What would balanced wings generally mean?
For my example:

5 with equal 4 and 6 wings


----------



## Nomenclature (Aug 9, 2009)

Doesn't that just mean that you're a 5, with no wings? ::


----------



## knght990 (Jul 28, 2009)

does it? i know so little about that test


----------



## Nomenclature (Aug 9, 2009)

I remember reading something on INTPc about it. Here:

Very little between 5w6 & 5w4? - INTP Central


----------



## knght990 (Jul 28, 2009)

thanks


----------



## Kokos (Dec 28, 2008)

Something i found, but don't know how helpful and accurate that would be :happy:


----------



## amberheadlights (May 16, 2009)

Balanced wings would mean that you feel the influence of both wings. According to Riso and Hudson's wing theory, each type is influenced by the wing on each side, but fall closer to one side than the other.
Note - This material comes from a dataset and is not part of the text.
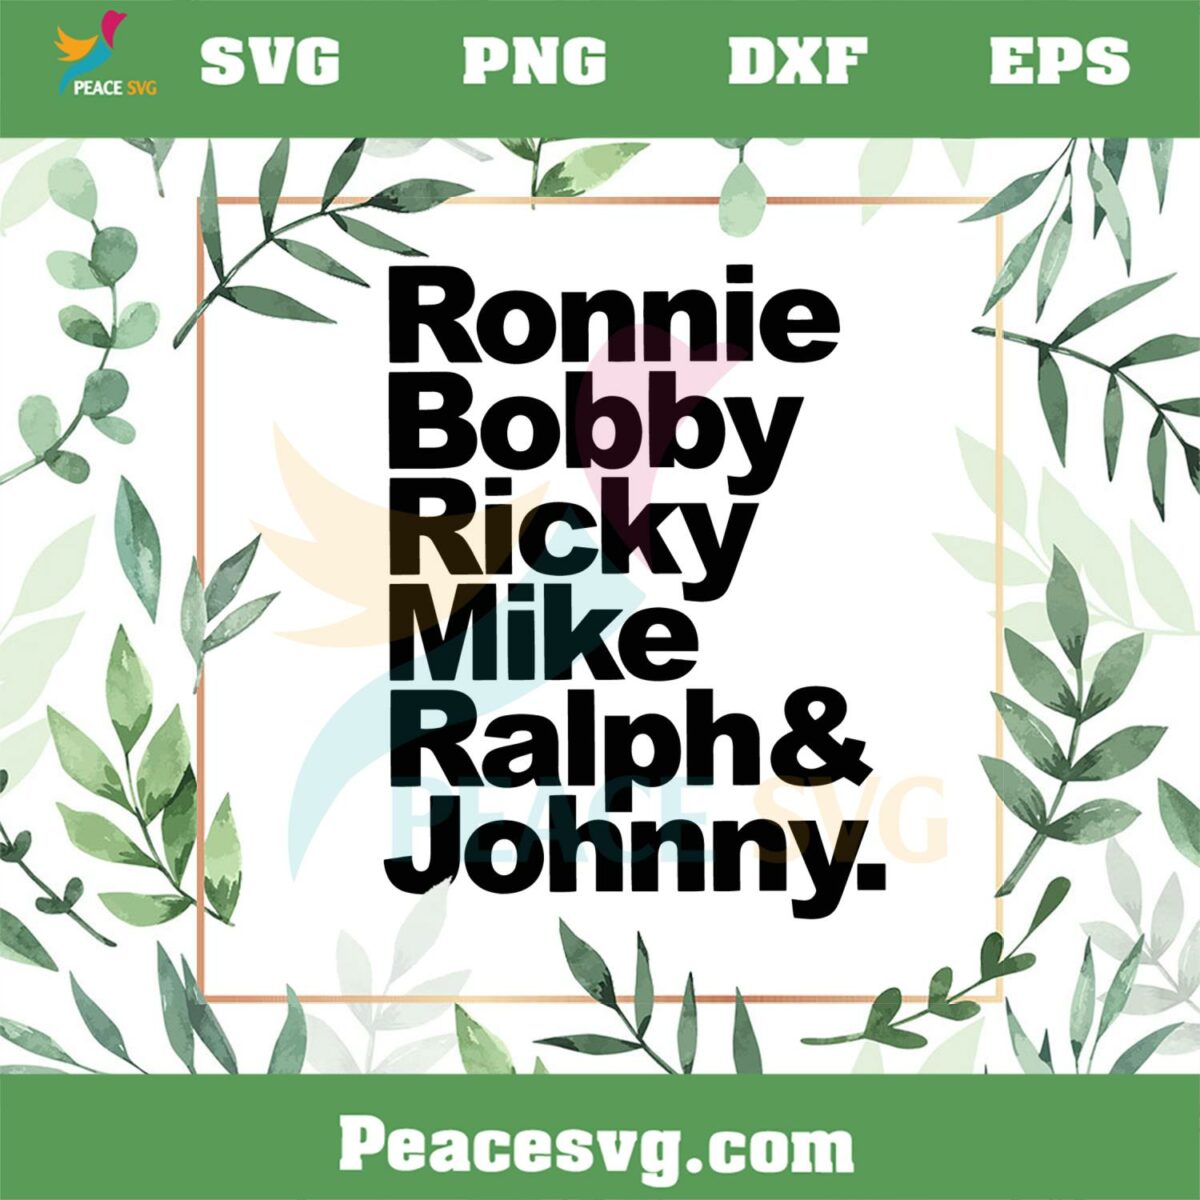 New Edition Band Ronnie Bobby Ricky Mike Ralph And Johnny SVG Cutting Files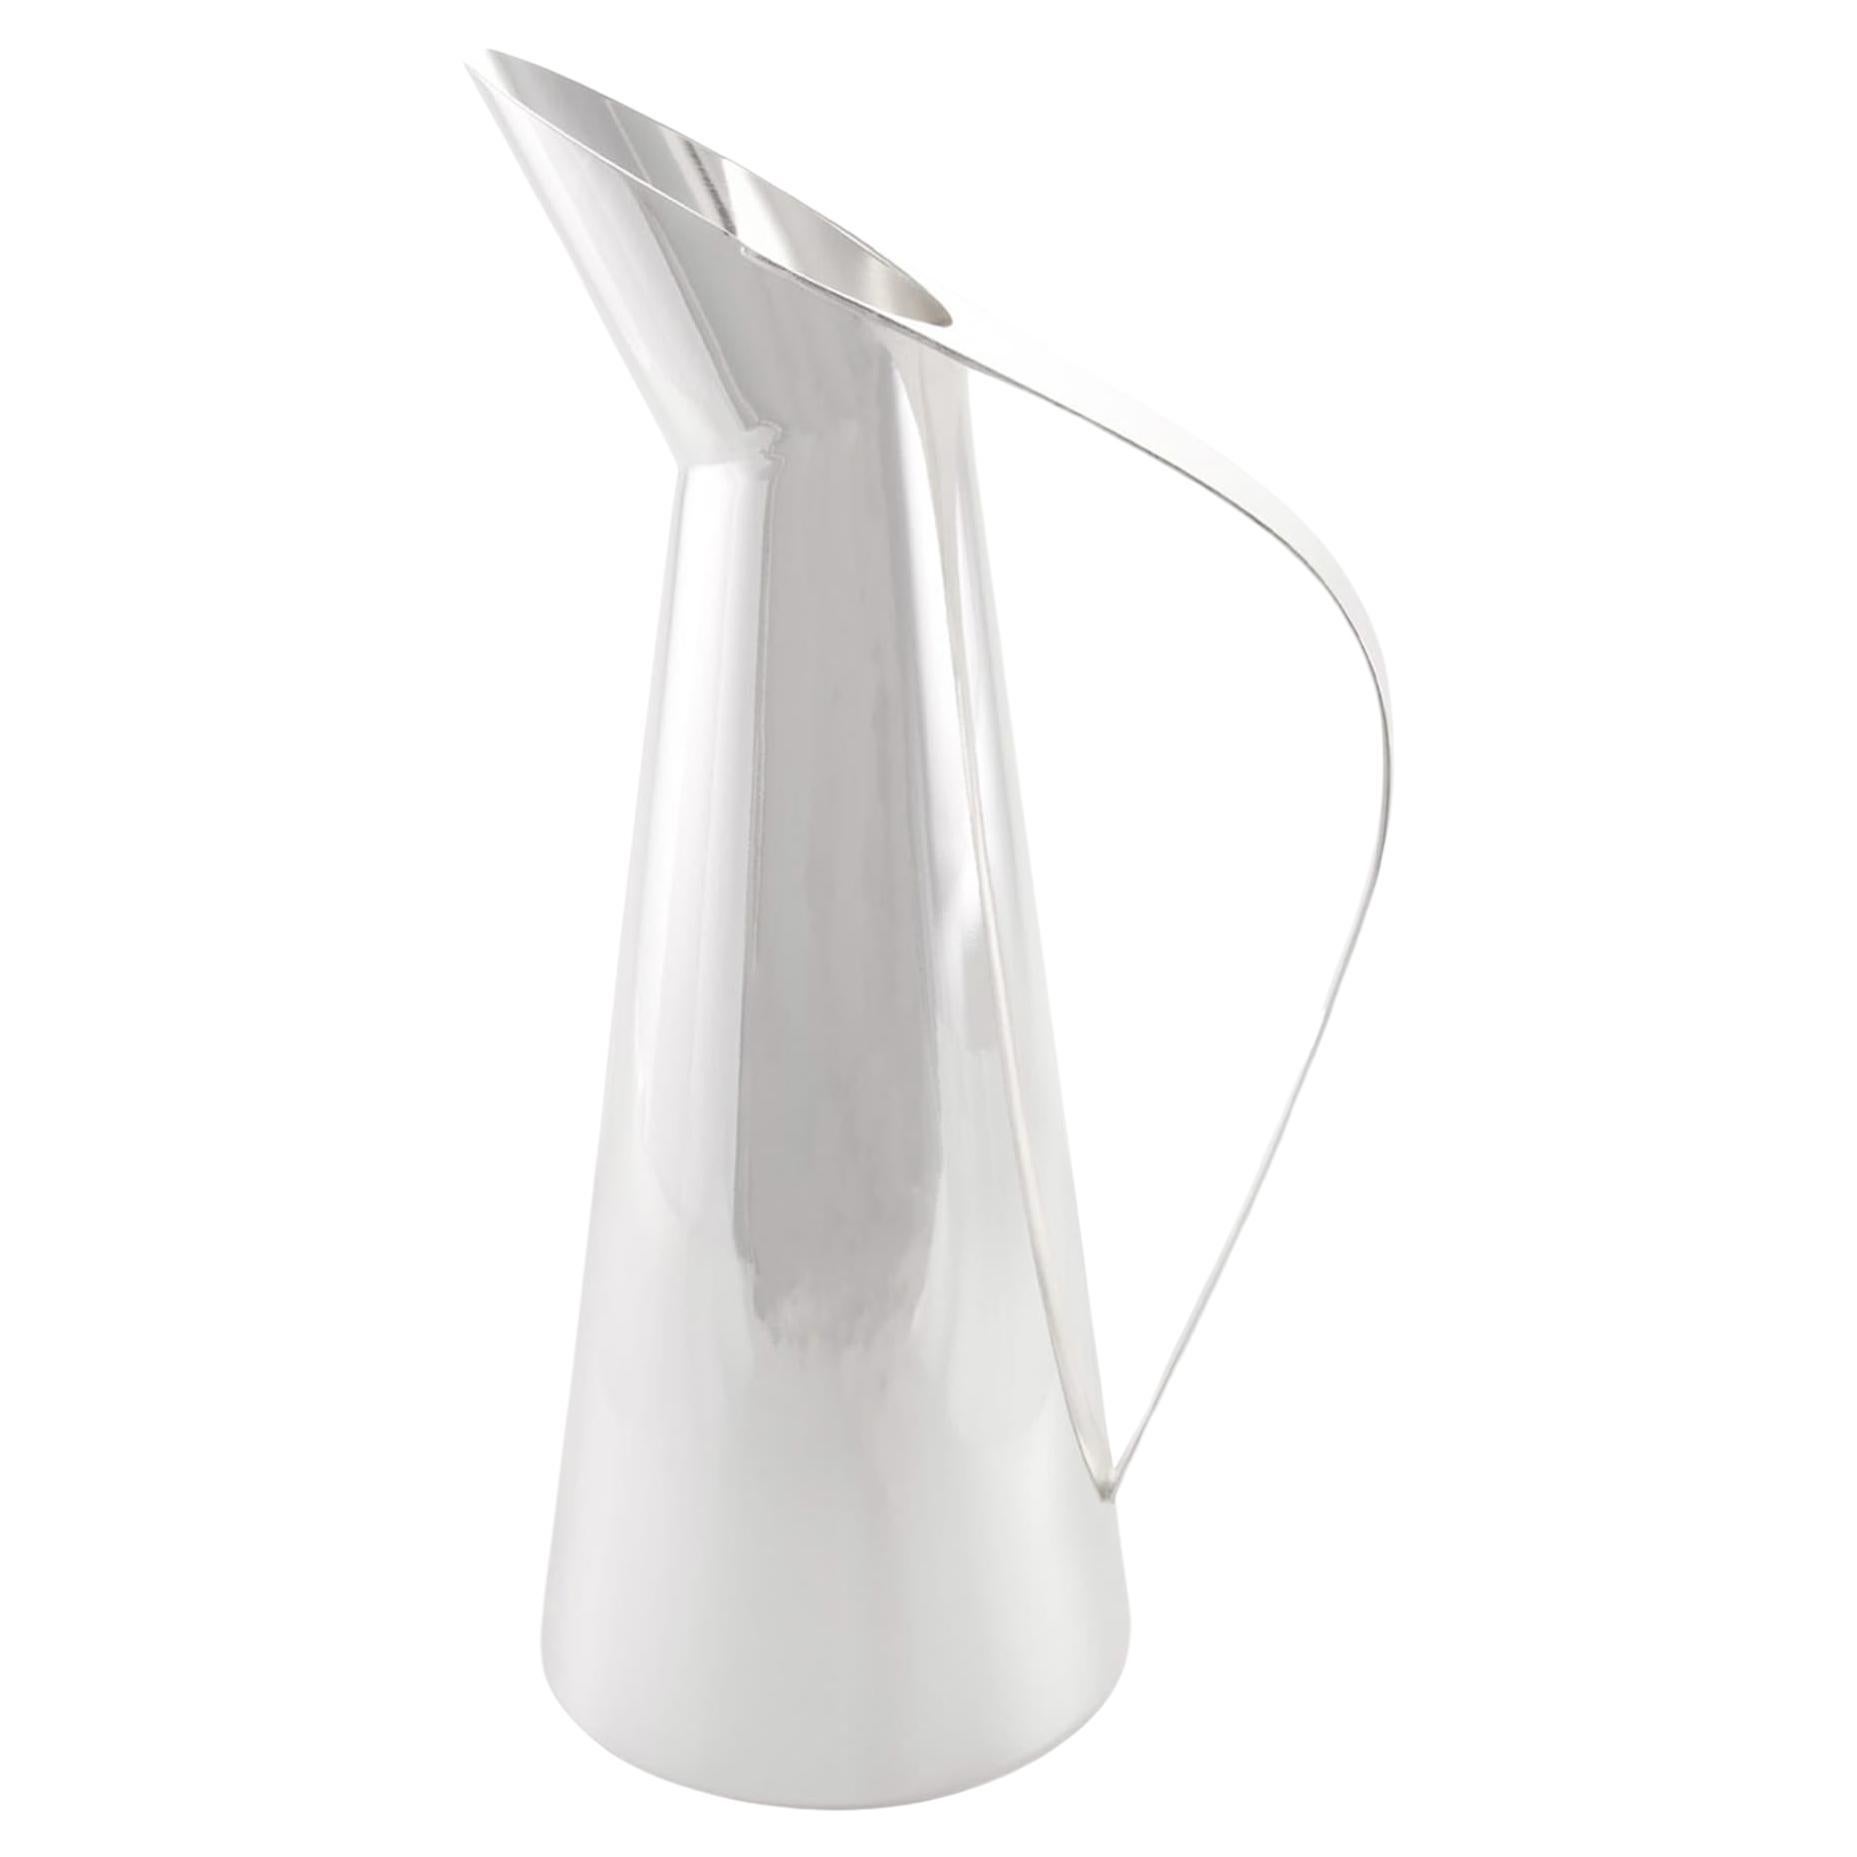 Itamar Silvery Pitcher by Itamar Harari For Sale

How strong the wing is varies depending on the individual, so, for example, some 5w4s may have such a strong wing that they can sometimes resemble 4w5s or vice versa whereas other 5s may lean slightly to four, but it will be far less pronounced. When the wings are balanced, that would mean the five is equally influenced by four and six. Riso and Hudson think that balanced wings are rare, and most people lean towards one or the other. Other enneagram theorists, like Sandra Maitri, don't support the one-wing theory and think all types are "resting on the wings" of their neighboring types and feel the influence of both equally.


----------



## Functianalyst (Jul 23, 2009)

I now look at wings in the enneagram system the same way that I look at dichotomies in type. At some point as you learn the system, you grow beyond the rudimentary of wings and simple codes and begin to appreciate the variants and cognitive functions. I see myself more as a 9 so/sp than 9w8/1.


----------



## How Do You KNOW (Jan 9, 2011)

I read somewhere that you can have no wings or balanced wings. I came across this thread looking for a description of balanced wing types but have yet to find one. Maybe there isn't a description due to balanced wing types being able to vary so much depending on what traits you have from wings. I'm also a 5 with balanced wings.


----------



## The Exception (Oct 26, 2010)

5w6 edges slightly over 5w4, but I consider my wings to be quite balanced. I think as I've gotten older, I've access the 4 side more.


----------